И после каждого куплета все подхватывали: "Барыня ты моя, сударыня ты моя!" Объявляя пляску, мать по ходу называла тот элемент движения, который я должен сейчас исполнить: "веревочка" - назад или на месте, или "веревочка тройная с выбросом ноги", или "веревочка с дробным притопом", "гармошка", "вертушка", "стуколка", "метелочка", "косыночка", "ковырялочка с притопом", "ползунок с разбросом", "ход гусем". Со временем я стал плясать охотно, мне нравились легкость и ловкость, нравилось, что я это делаю лучше других. К этому времени я уже знал, что в русской пляске голова должна быть гордо откинута назад, поглядка должна быть с удалью, - мол, посмотрите, как я умею! - все надо делать легко, молодцевато, лихо, первым с круга не уходить и быть готовым переплясать любого партнера или любую партнершу, - это уже вопрос чести.
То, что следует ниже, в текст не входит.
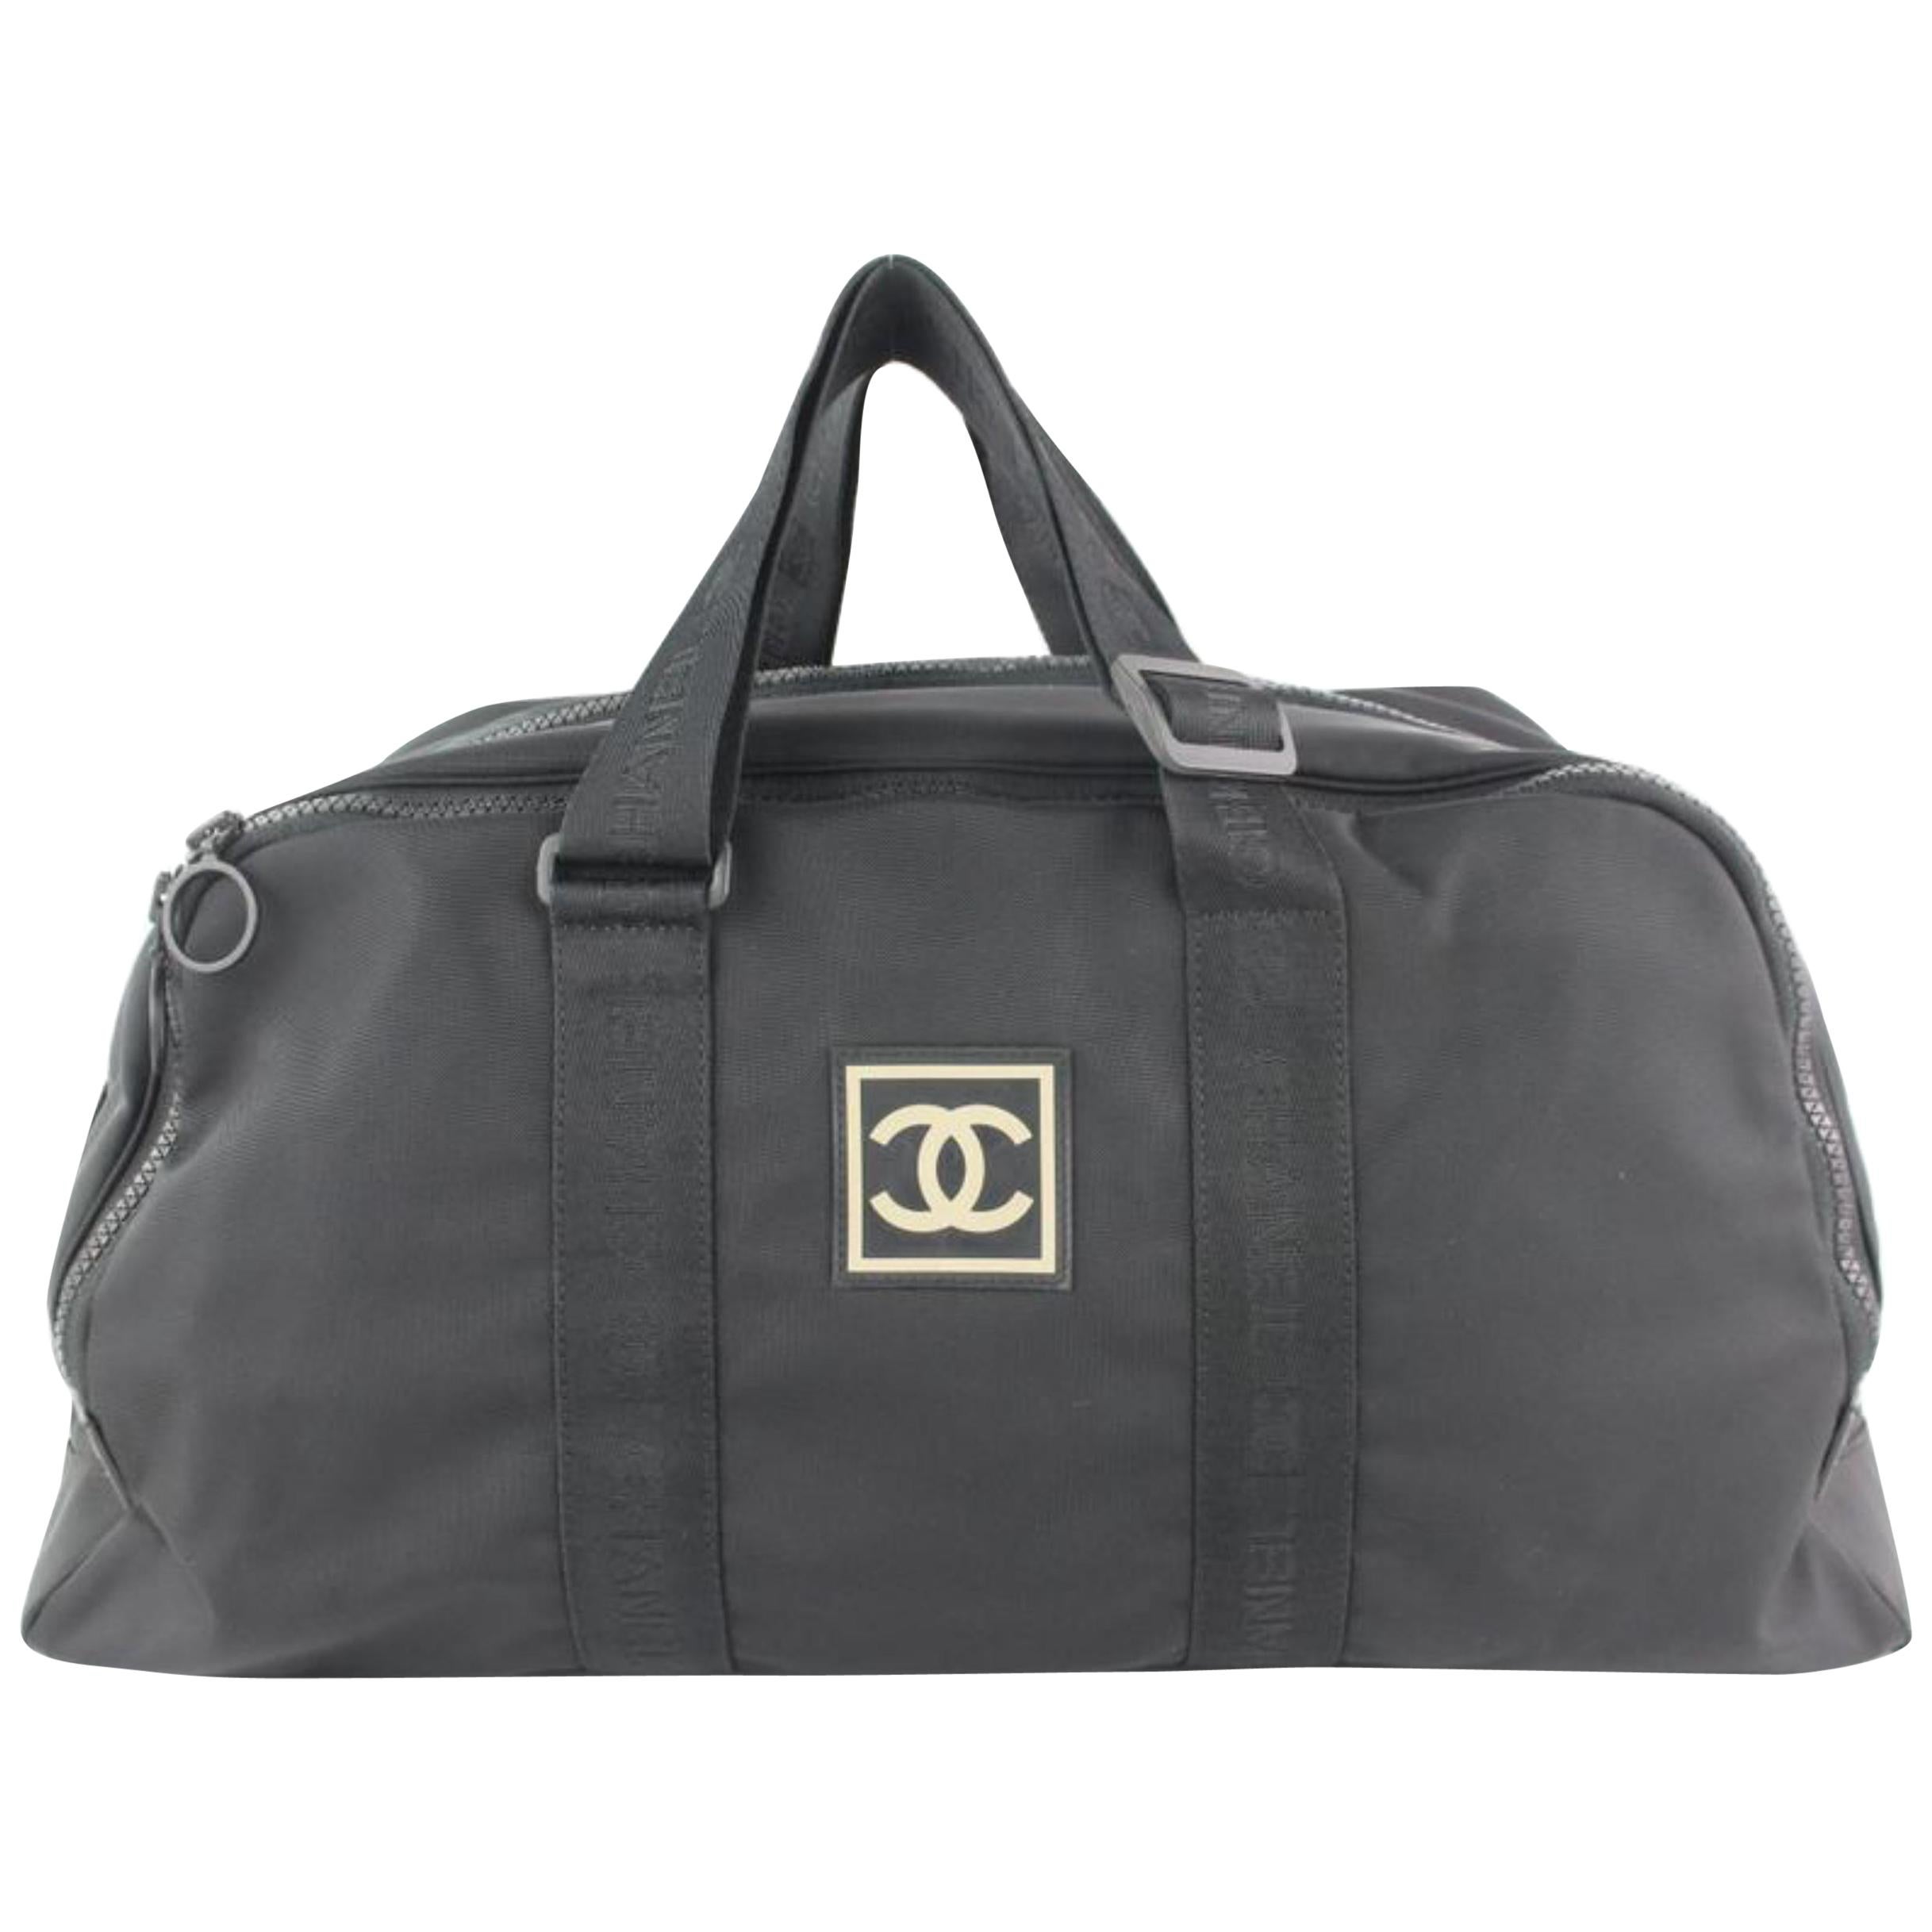 Chanel Duffle Cc Logo Sports Boston 19cz1106 Black Canvas Weekend/Travel Bag For Sale

Если пляски под руководством бабушки были игрой и развлечением, то занятия с матерью были работой. Лет с одиннадцати-двенадцати она стала учить меня и западным танцам: фокстроту, вальсу, танго и даже румбе, о которой мальчишки говорили как о самом непристойном, похабном танце, мол, танцуют его голяком, в полутьме и прямо тут же под музыку сношаются… В доказательство приводились и cлoвa настоящей румбы:
Румба, закройте двери!
Румба, гасите свет!
Румба, снимайте юбки!
Румба, спасенья нет.
Румба, какие плечи!
Румба, какой живот!
Румба, один маркует,
Румба, другой …ет!
Об этом танце говорили как о свальном грехе, что спустя десятилетия стали именовать групповым сексом.
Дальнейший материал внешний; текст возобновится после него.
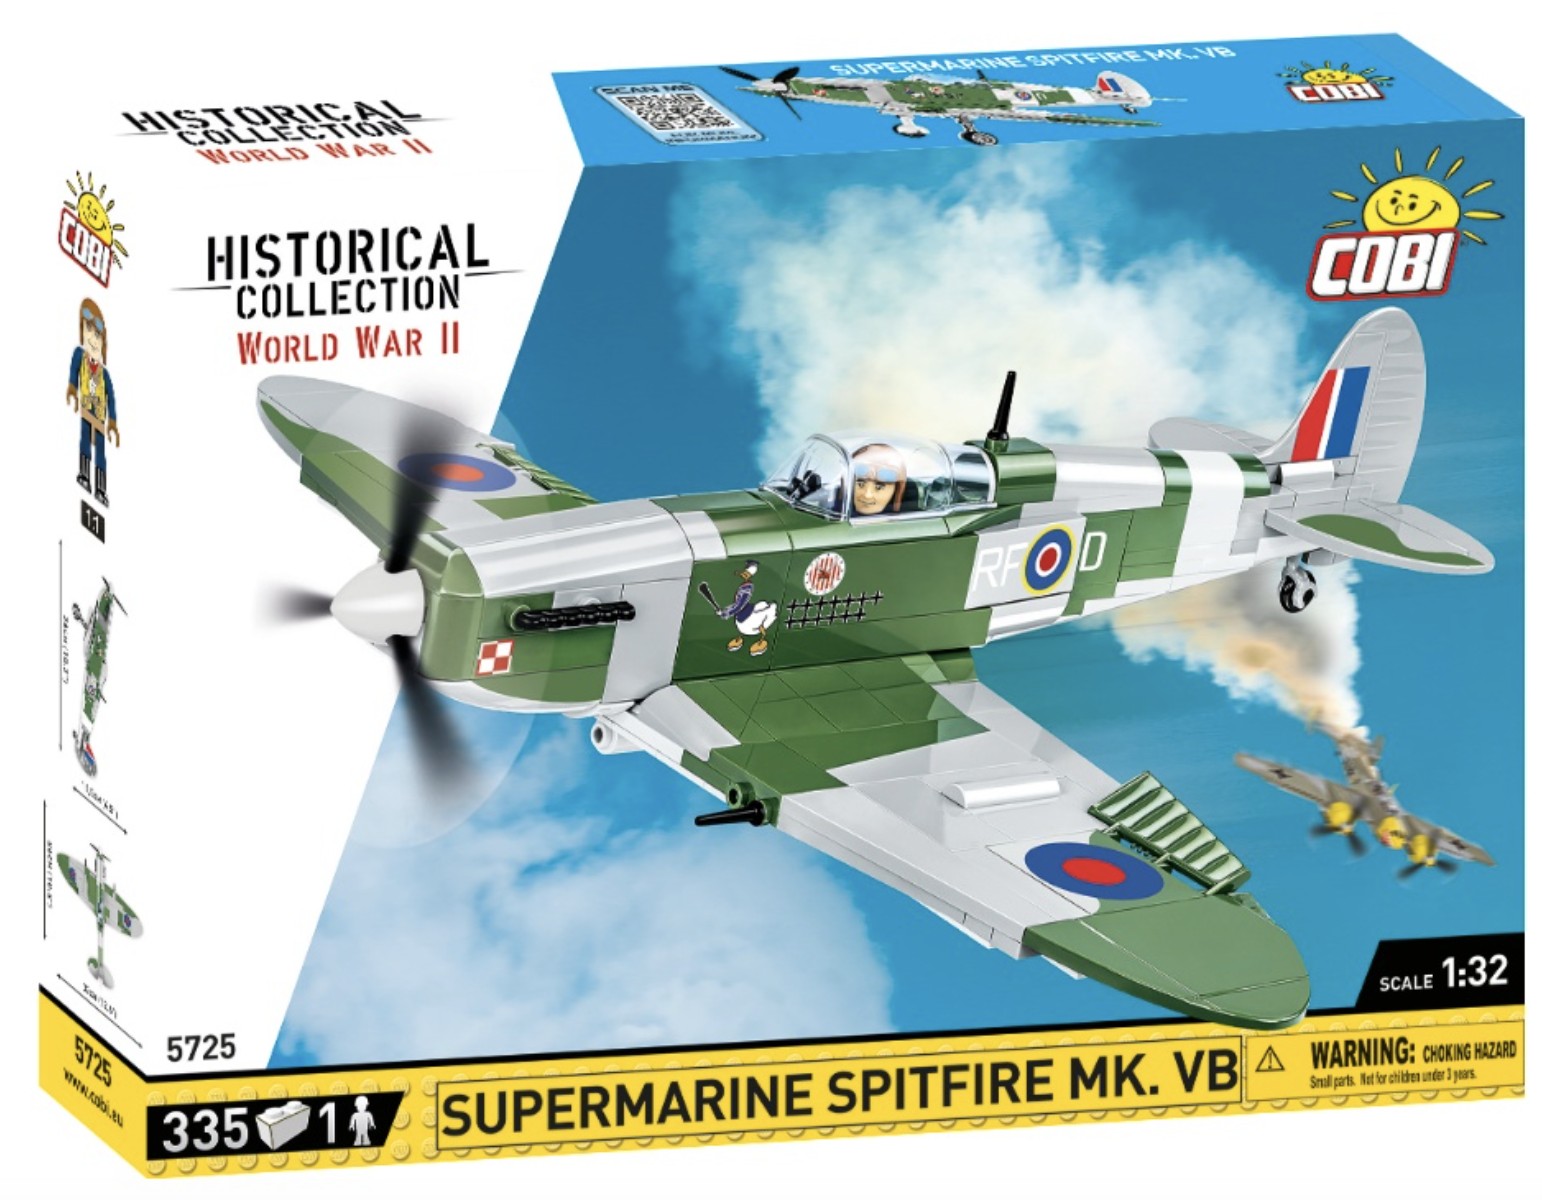 5725 - Supermarine Spitfire MK. VB

Когда мать ставила румбу и начинала со мной танцевать, как она говорила, "прорабатывать", меня от происходящего охватывал ужас, голова не соображала, я запинался, мне отказывали ноги, я мучительно не понимал, зачем мать учит танцевать меня румбу, если она сопровождается таким жутким похабством. Она ведь даже не подозревала, что я знаю истинный смысл слов этого чудовищно похабного танца, а я их слышал не раз от взрослых ребят.
Не понимая, что со мной, мать с силой дергала и разворачивала меня, ругала и при этом в раздражении еще обзывала "коровой" или "бегемотом".
Сколько вечеров было в детстве и отрочестве убито на пляски и танцы!.. Годам к одиннадцати-тринадцати я так поднаторел, что плясал заметно лучше своих сверстников, да и взрослых, и, если оказывался летом вблизи деревенской свадьбы, меня звали, просили и заставляли плясать, я старался и отхватывал от души до изнеможения, до боли в пятках, зато меня угощали как почетного гостя, а бабушка светилась от удовольствия. К четырнадцати-пятнадцати годам почти ни одна свадьба в деревне не обходилась без моего участия - как самого умелого и выносливого в плясках. Как правило, меня приглашали загодя, и я щегольски и неистово танцевал, плясал там до упаду.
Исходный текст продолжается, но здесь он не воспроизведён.